Below is the Rogers diffusion innovation plot. With successive groups of consumers adopting the new technology (shown in blue), its market share (yellow) will eventually reach the saturation level. The blue curve is broken into sections of adopters. The Rogers model usually assumes that, if a market share of approximately 12% ~ 16% is achieved, it means that the innovation has a very good chance of being adopted by the entire market. However, EV is still in the innovators stage in Taiwan. This may contradict our previous assumption that EV will be accepted by every consumers on the market in the end.
< Rogers’ diffusion innovation >
One of the researchers exploring Rogers’ concept was Moore. Moore, in his famous publication Crossing the Chasm, discussed the gaps and barriers that must be overcome to move from one customer group to the next. The largest gap, which he calls “the chasm” ( shown in the plot below ), exists between the early adopters and the early majority. Since the current EV market in Taiwan is still in the innovators stage and hasn’t meet the chasm, predictions and forecasting results will be influenced at any time in the future.

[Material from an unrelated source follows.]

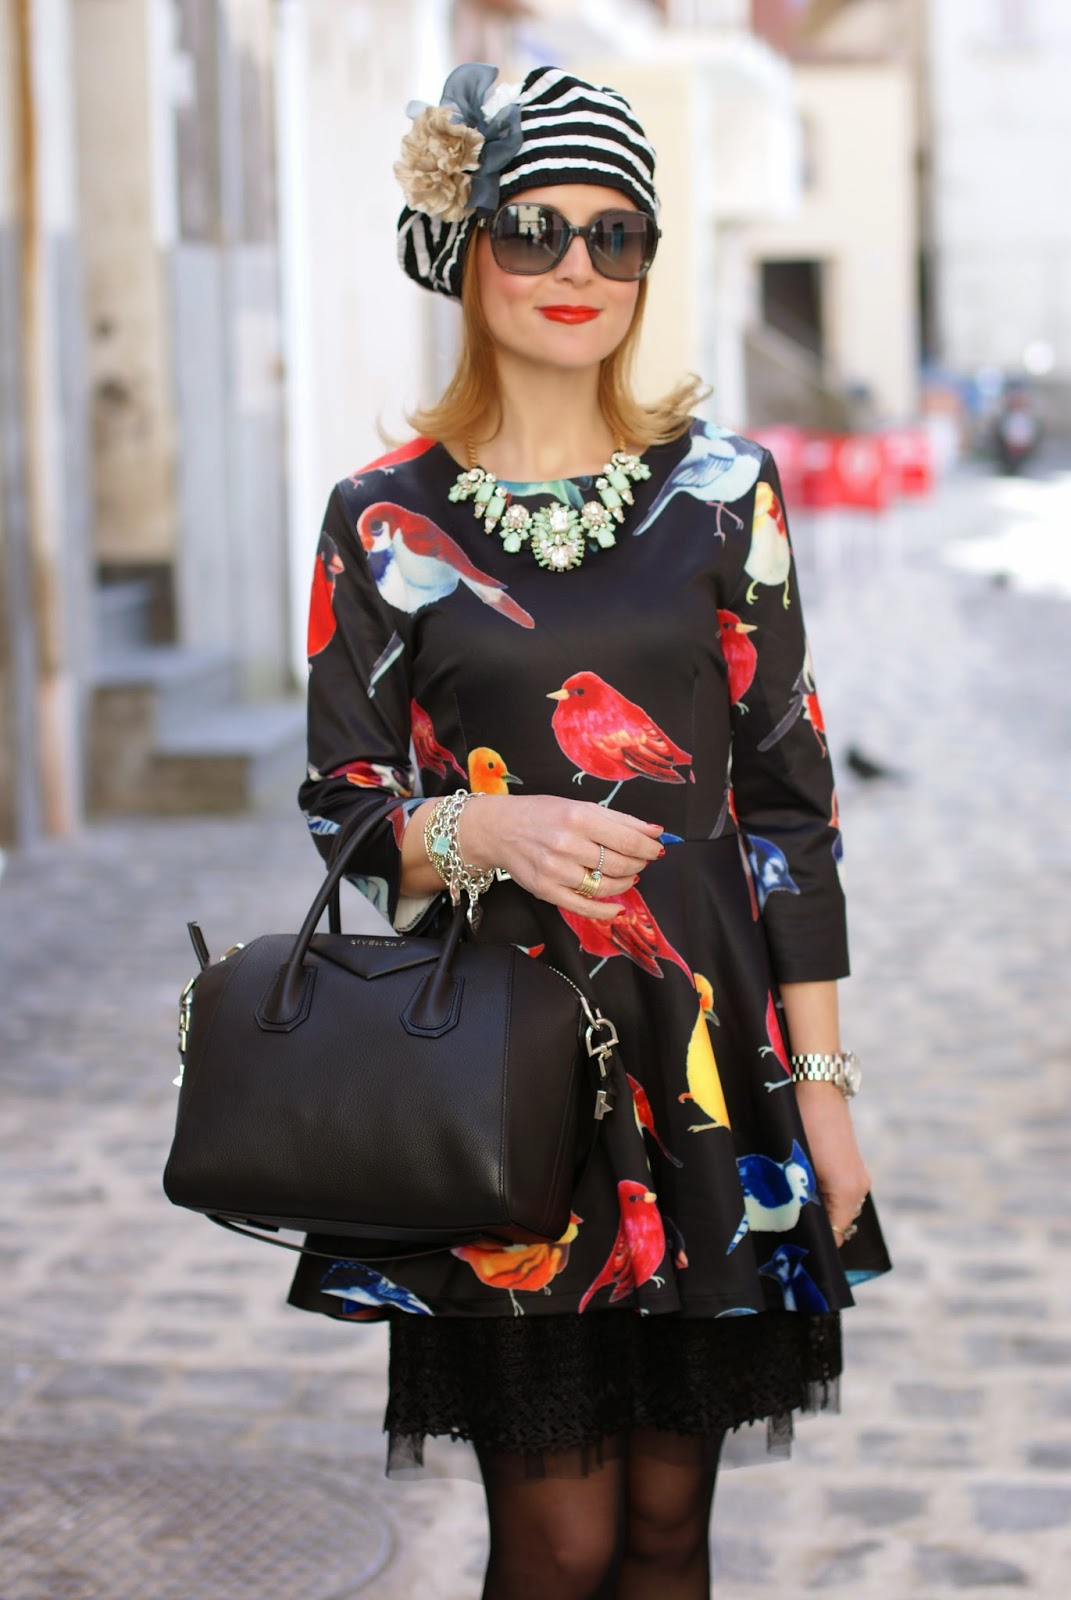 sheinside birds print dress, Unica striped hat, Givenchy Antigona bag, Fashion and Cookies, fashion blogger

< Moore’s Crossing the Chasm >
The increasing level of EV sales will become more significant throughout the time. Introduction of new EV models is necessary. There is a large potential market for electric vehicles waiting for companies to invest. From the increase of EV adoption rate, it shows that EV isn’t an unreachable high technology product to consumers anymore. Not only innovators but also imitators start to consider buying EV as their next car due to the rising visibility on the road.

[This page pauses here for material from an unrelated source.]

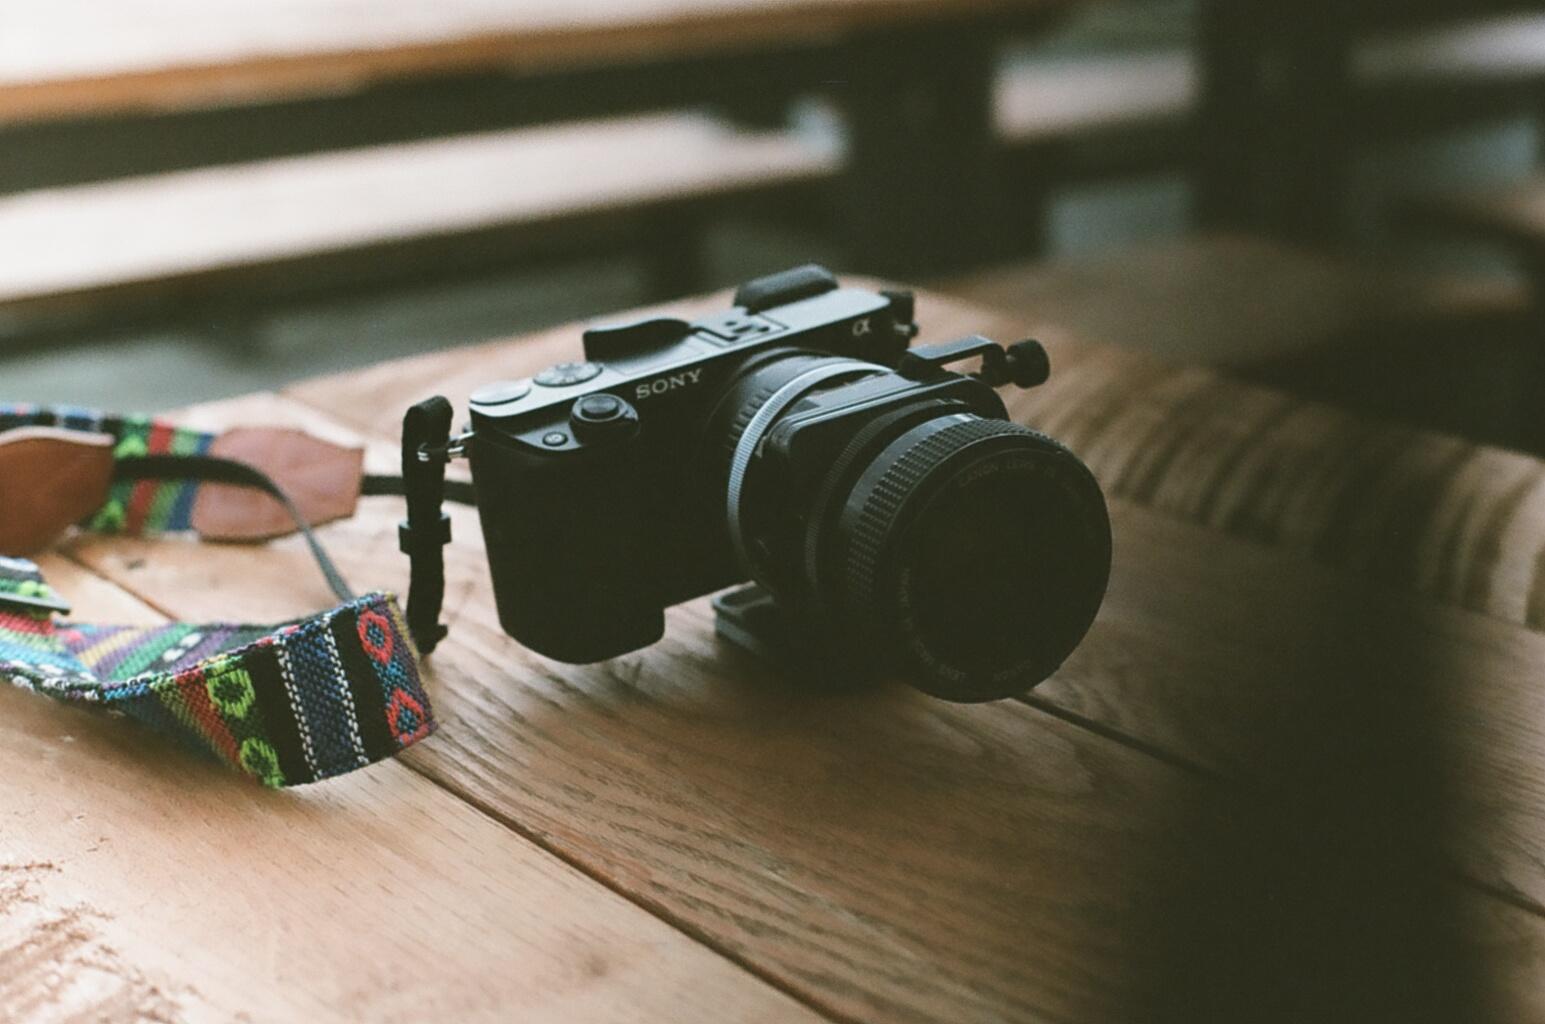 Going Analog, Full 35mm Photography Kit, sony a6000 with tilt-shift lens

However, charging problems must be solved in the first place. EV charging system in the urban area may require lots of effort and time to become more complete, thus the promotion and advertisement of EV can first target on the consumers that live in the countryside or suburb. Most of these people have private space for parking and can easily set up their own EV charger comparing to those who live in the urban area.
All in all, since the development of EV charging infrastructure and system currently isn’t promising, introducing large quantities of EV isn’t the primary goal at this stage. The main goal is to understand the demands of the potential consumers in the future EV era.